**The task:** Leaving pictures aside, restate exactly the lines of the data below, from the first one through the line that contains "Carolina– Maker: Ralph".

**Exercise data:**
- Opening Delimiter -

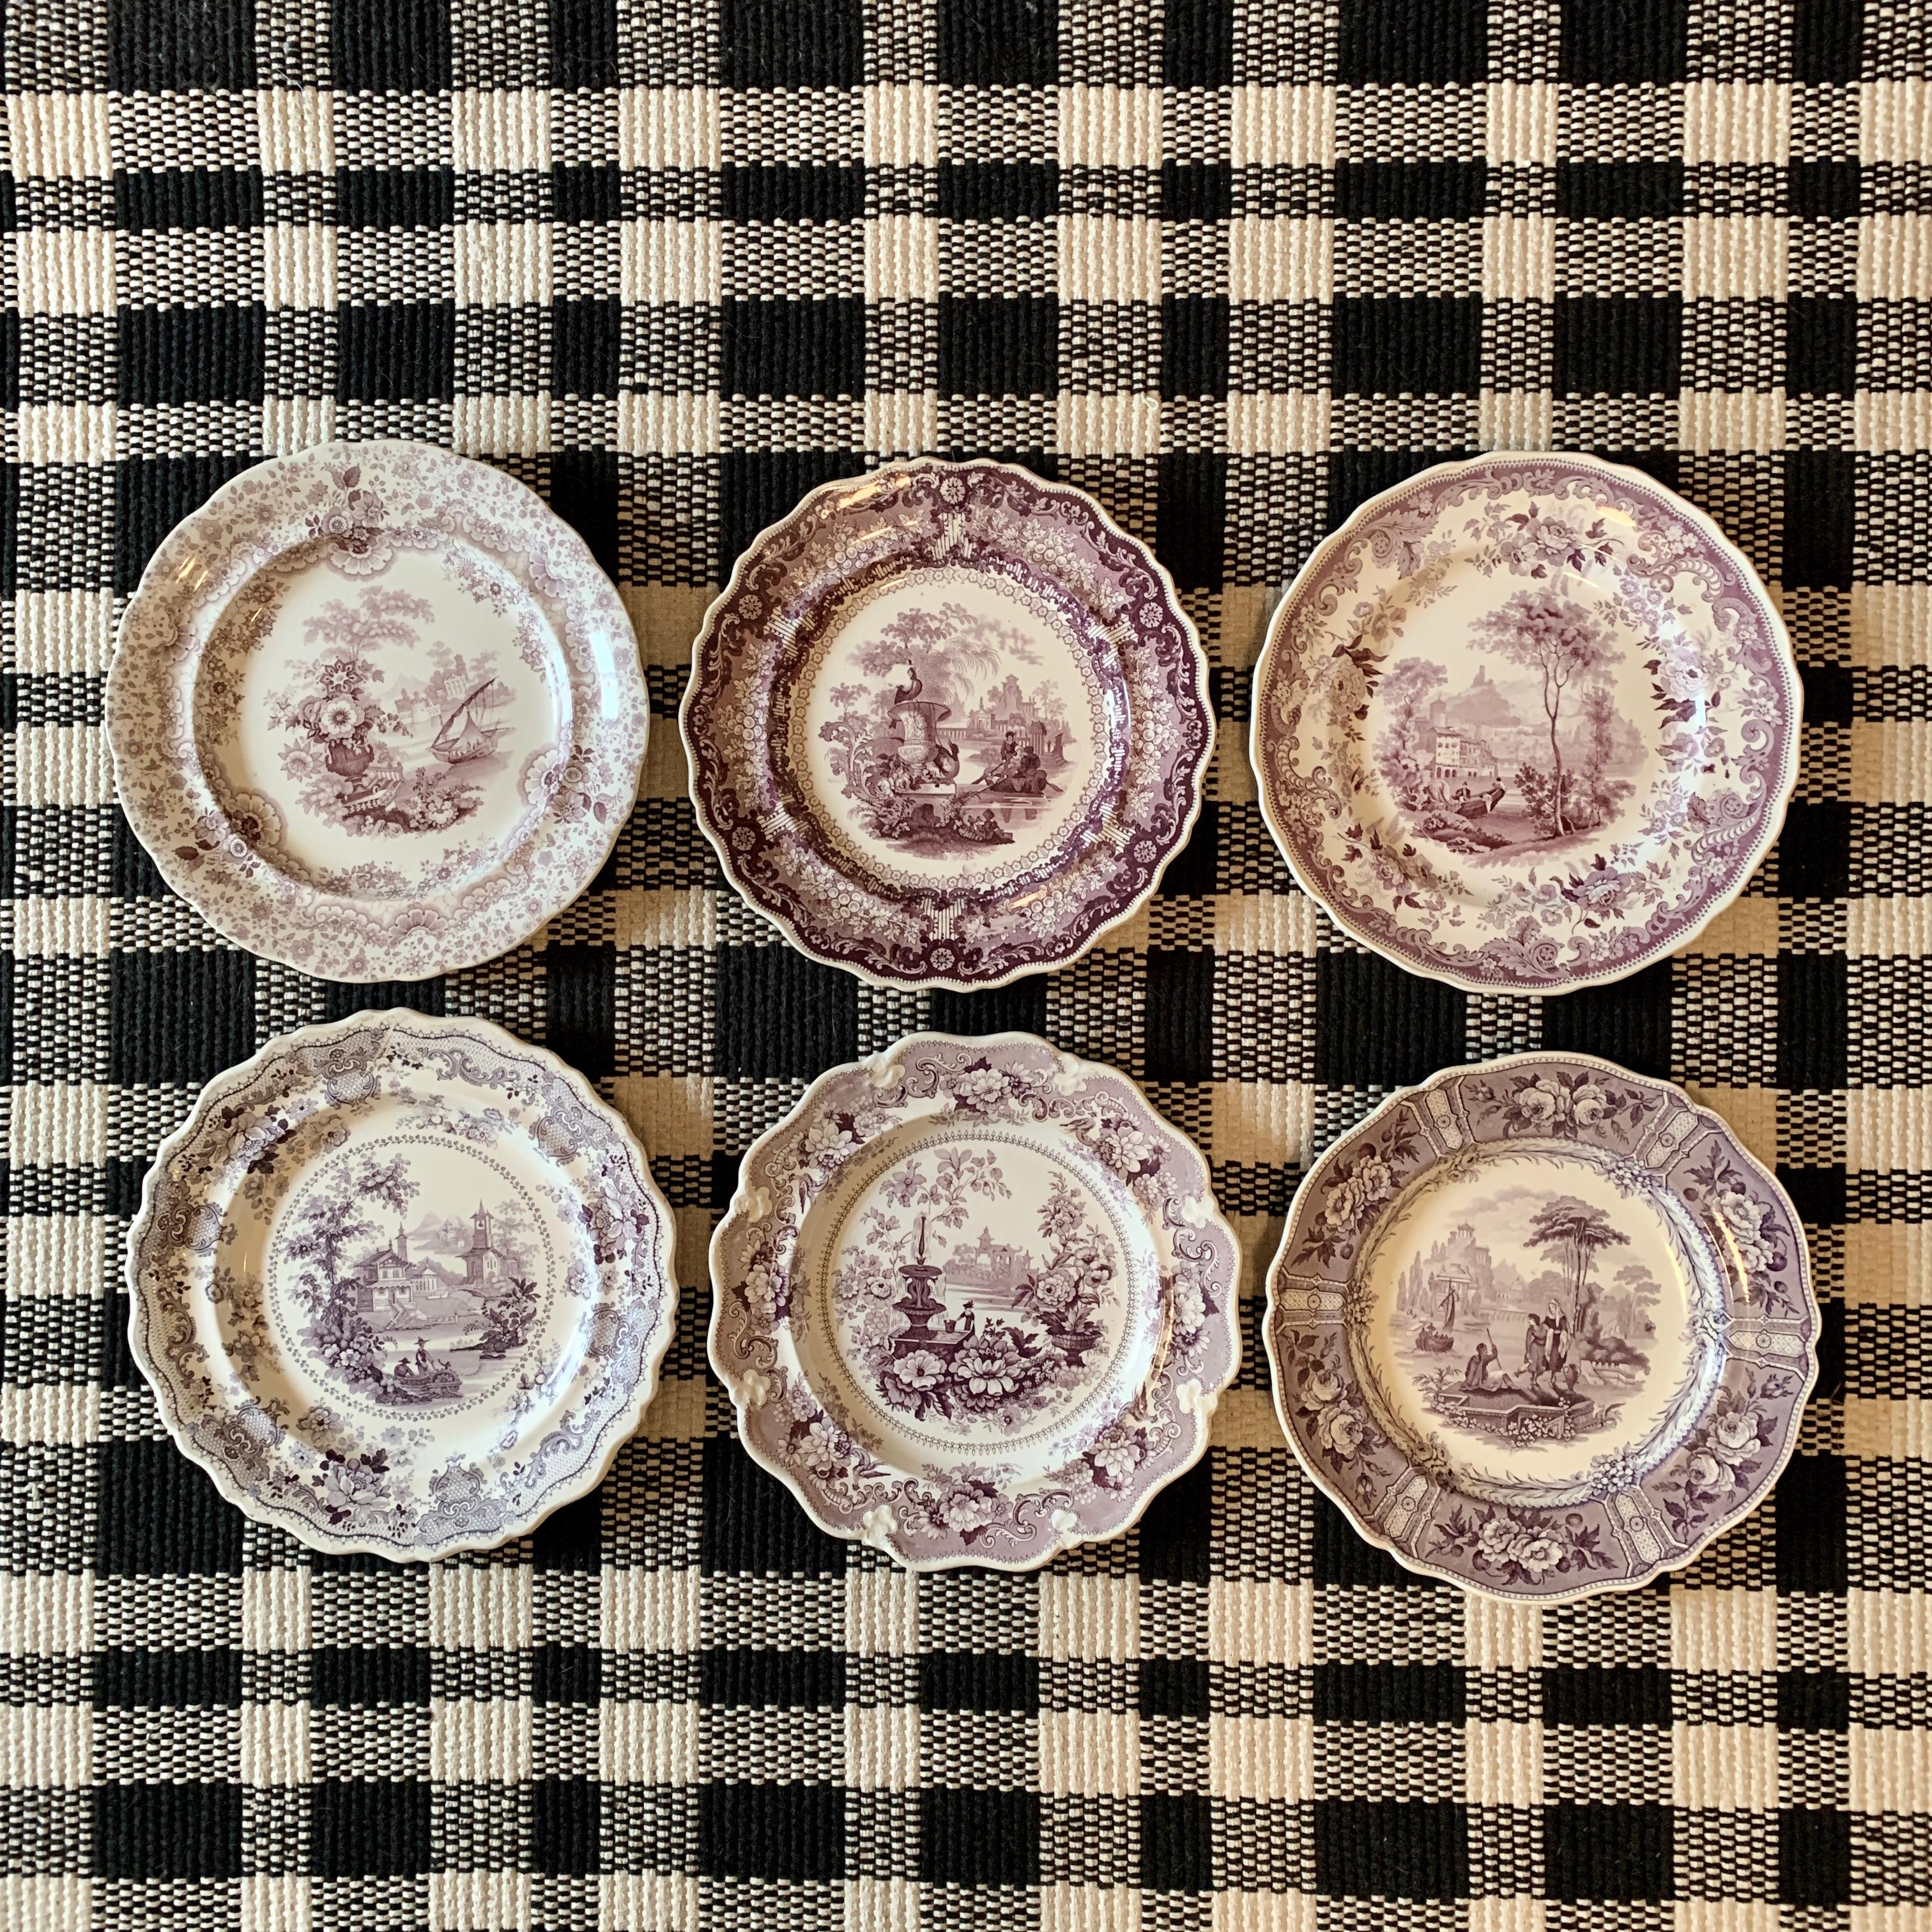 An assembled set of six different patterns of purple on white earthenware Transferware dinner plates, Staffordshire, England, circa 1822-1887, 19th century.

The patterns include:

Carolina– Maker: Ralph Hall & Co. Tunstall, Staffordshire –
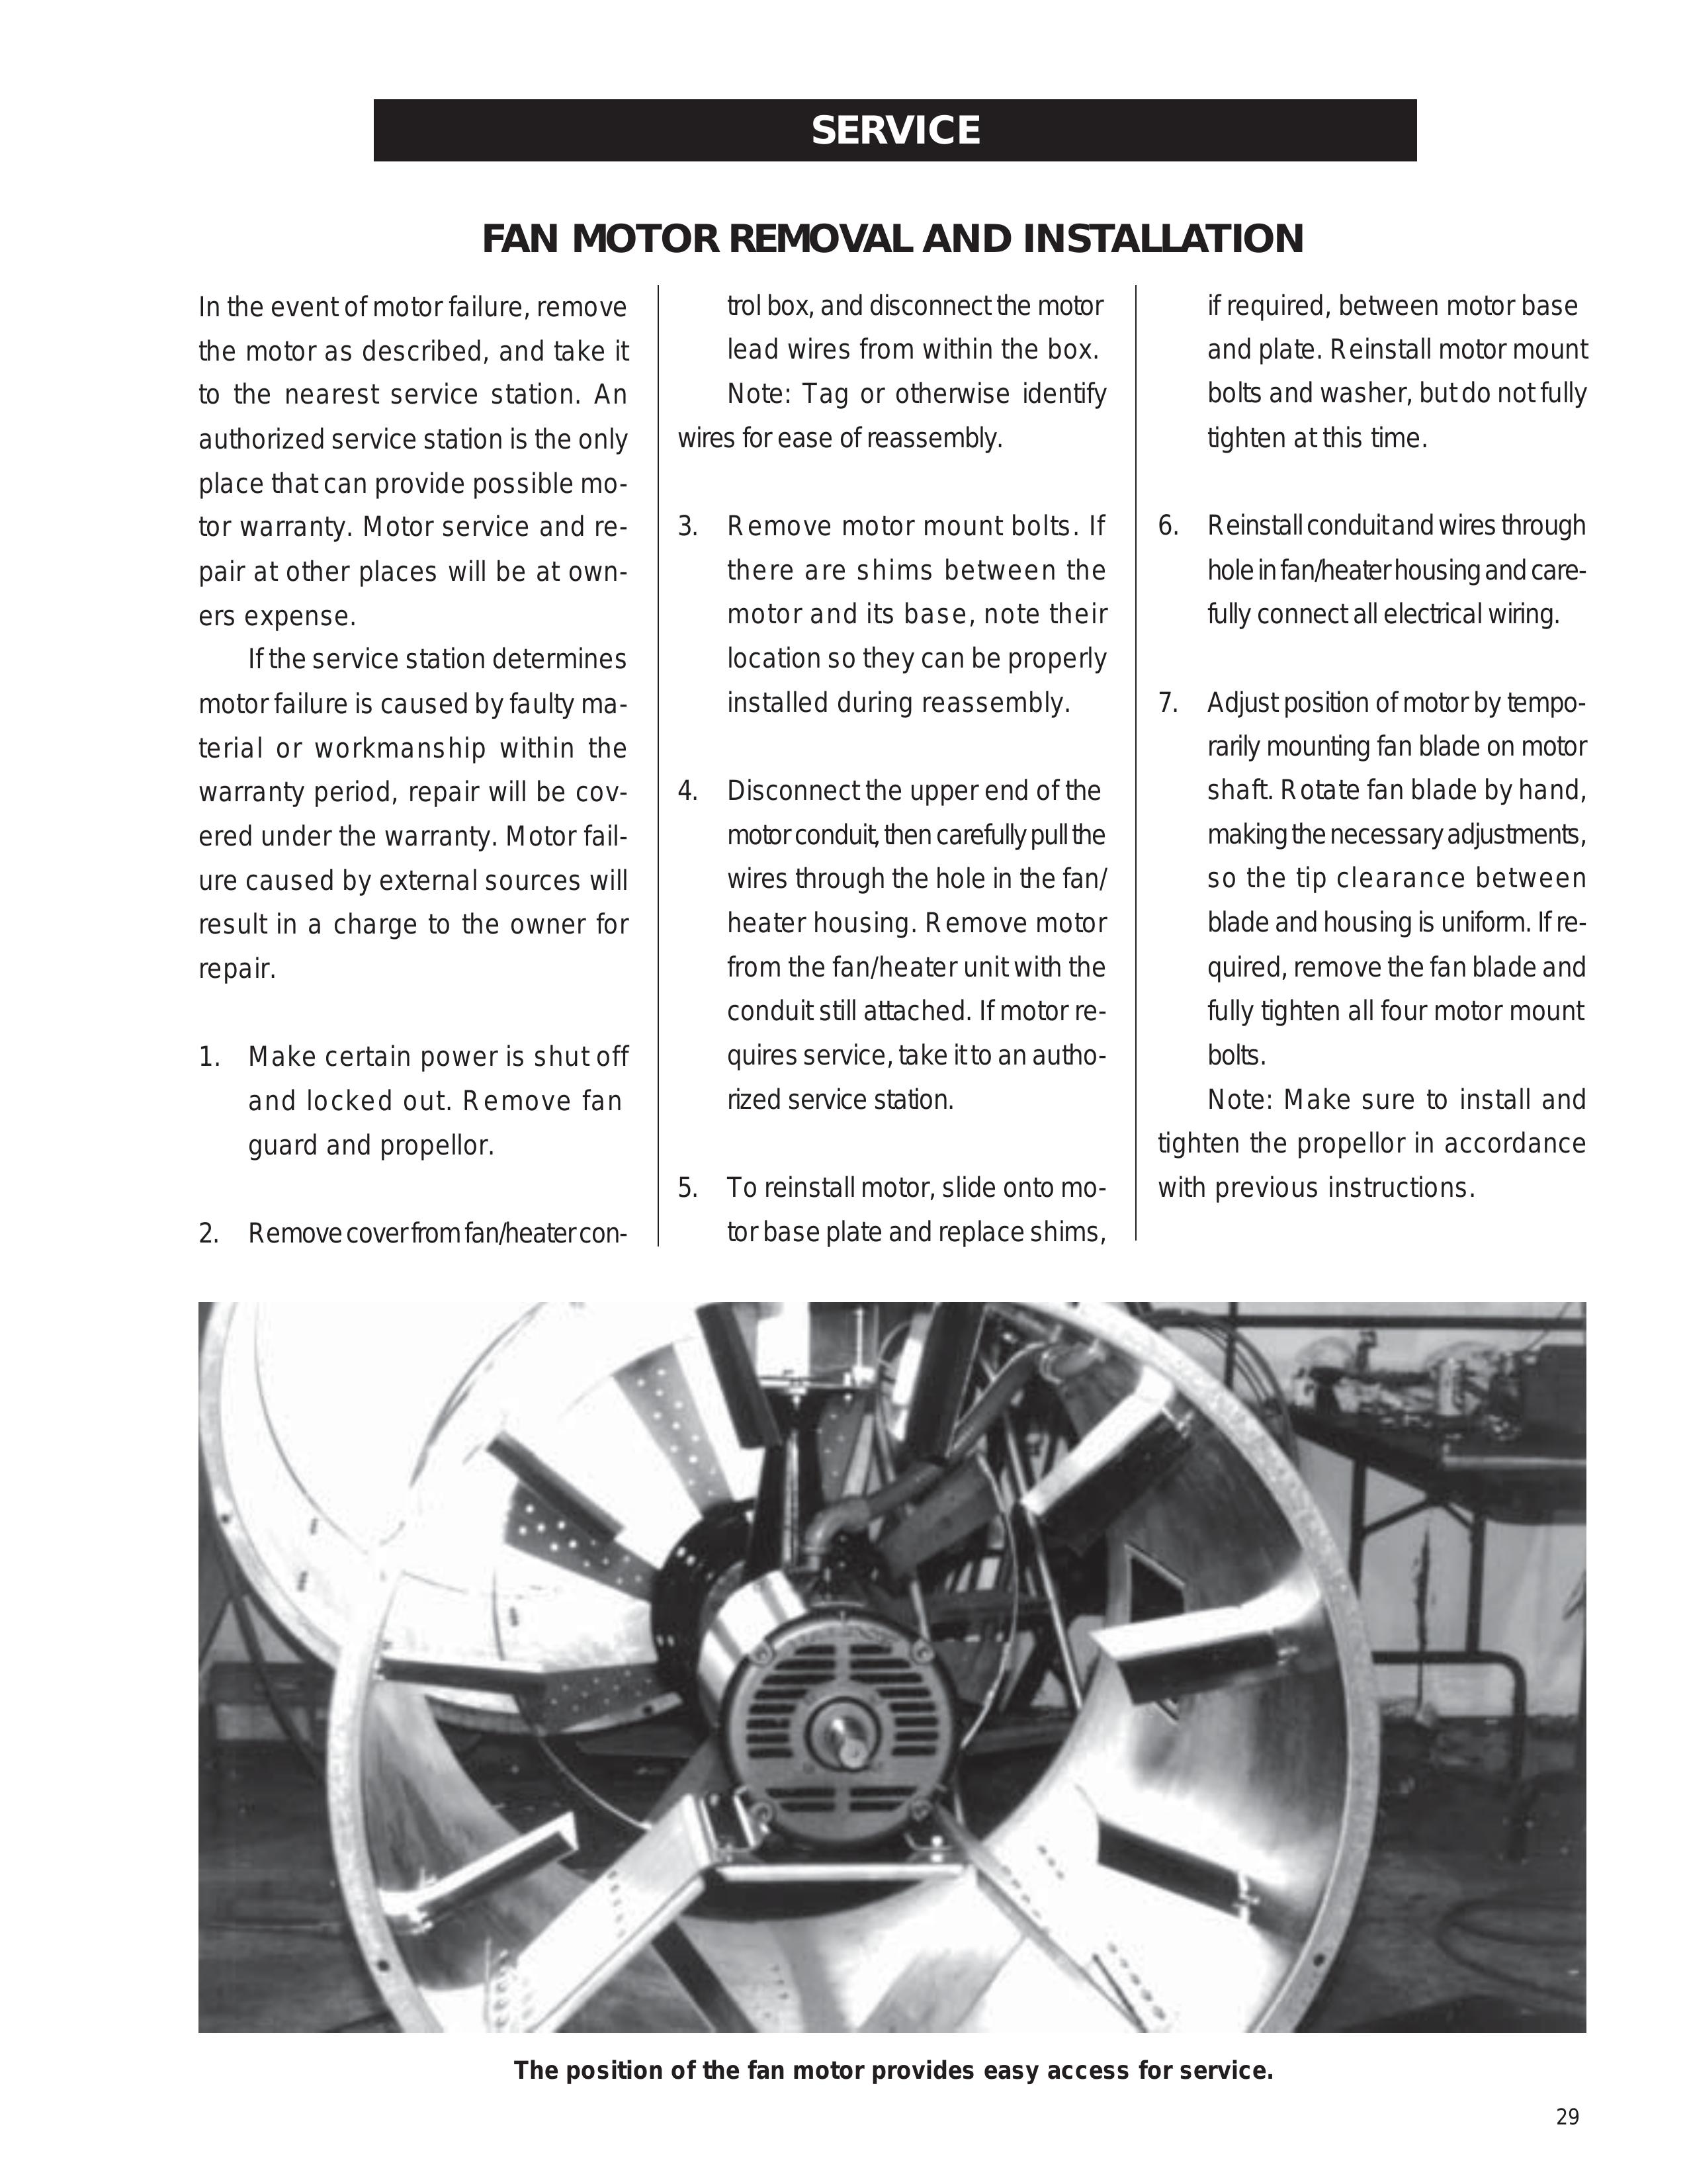 Airstream PNEG-343 Clothes Dryer User Manual (Page 29)

- Closing Delimiter -

**Task answer:**
 An assembled set of six different patterns of purple on white earthenware Transferware dinner plates, Staffordshire, England, circa 1822-1887, 19th century.

The patterns include:

Carolina– Maker: Ralph Hall & Co. Tunstall, Staffordshire –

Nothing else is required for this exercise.